Loguire starrte ungläubig von einem zum anderen. Rod brüllte den Posten an: „Nenn den Grund!“ Der Blick des Soldaten flog von Loguires zu Rods Gesicht und zurück. Zögernd antwortete er: „Hochverrat gegen die Person Ihrer Majestät der Königin.“
Loguire preßte die Lippen zusammen, dann explodierte er: „Keiner könnte der Königin treuer ergeben sein als ich. Genug deiner Impertinenz! Zur Seite!“
Der Posten schluckte, wich jedoch nicht von der Stelle. „Es heißt, daß Loguire die Rebellen anführt, Mylord.“
„Soldat“, sagte Rod mit dem Ton eines geduldigen Feldwebels.
„Weißt du, wer ich bin?“
„Ihr seid Meister Gallowglass, ehemals von der Leibwache der Königin.“
„Immer noch von der Leibwache“, berichtigte Rod.
„Und vor einer Woche in den Süden abbeordert, um Herzog Loguire zu beschützen!“
Des Herzogs Kopf zuckte zurück.

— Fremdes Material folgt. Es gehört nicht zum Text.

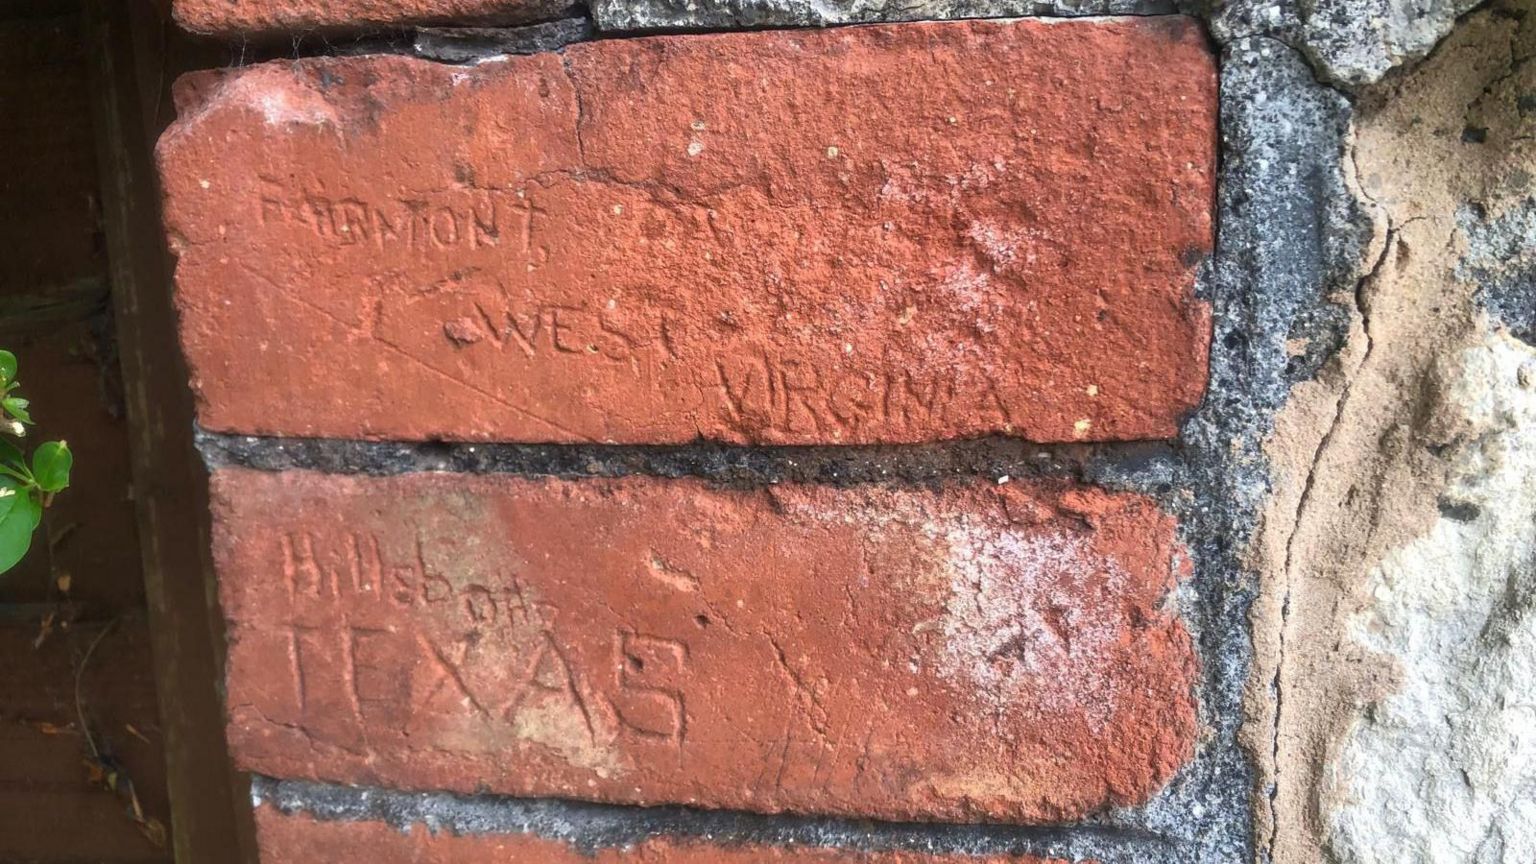 A red brick wall with American place 'Hillsboro Texas' inscribed on. 
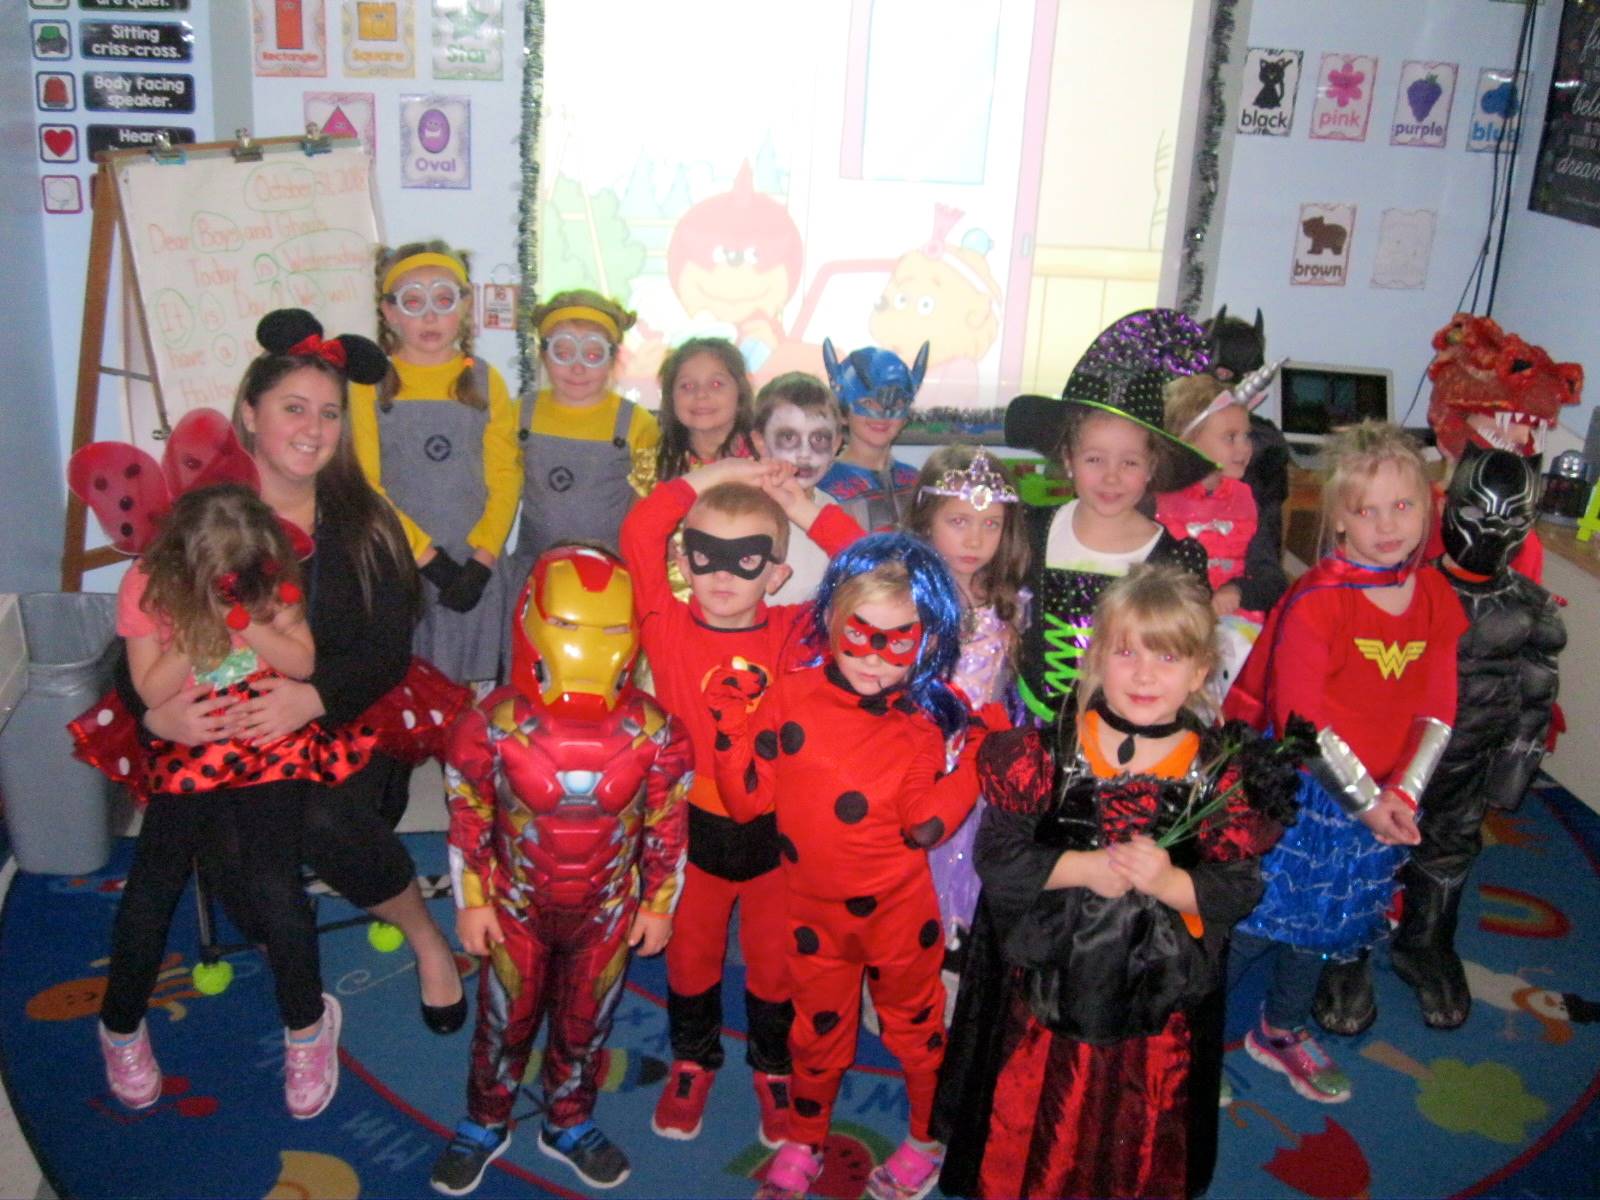 Miss O'Rourke's (Minnie Mouse) class!

Er starrte Rod funkelnd an.
„Wir wußten, daß Ihr fort seid“, murmelte der Soldat.
„Und jetzt weißt du auch, weshalb.“ Rod hielt seine Stimme unter sorgfältiger Kontrolle, aber ihr Ton verriet, daß der Grimm der Königin auf den elenden Posten fallen würde, falls er dem Leibgardisten nicht gehorchte. „Lord Loguire ersucht seine Verwandte und Herrscherin, Ihre Majestät, die Königin, um Asyl. Sie wäre erzürnt, müßte sie erfahren, daß er aufgehalten wurde.“
Der Posten behielt seine Pike verkrampft in der Hand und schob trotzig das Kinn vor. „Es wurde der Befehl erteilt, guter Meister Gallowglass, daß Mylord Loguire im Verlies der Königin festgesetzt werden muß. Mehr weiß ich nicht.“
„Verlies!“ donnerte Loguire mit rotem Gesicht. „So tief kann das Blut der Plantagenets nicht gesunken sein! Bube, ich schneide dir die lügende Zunge aus dem Mund!“ Seine Hand fuhr nach dem Dolch. Der Soldat wurde kreidebleich, aber Rod hielt den Herzog zurück.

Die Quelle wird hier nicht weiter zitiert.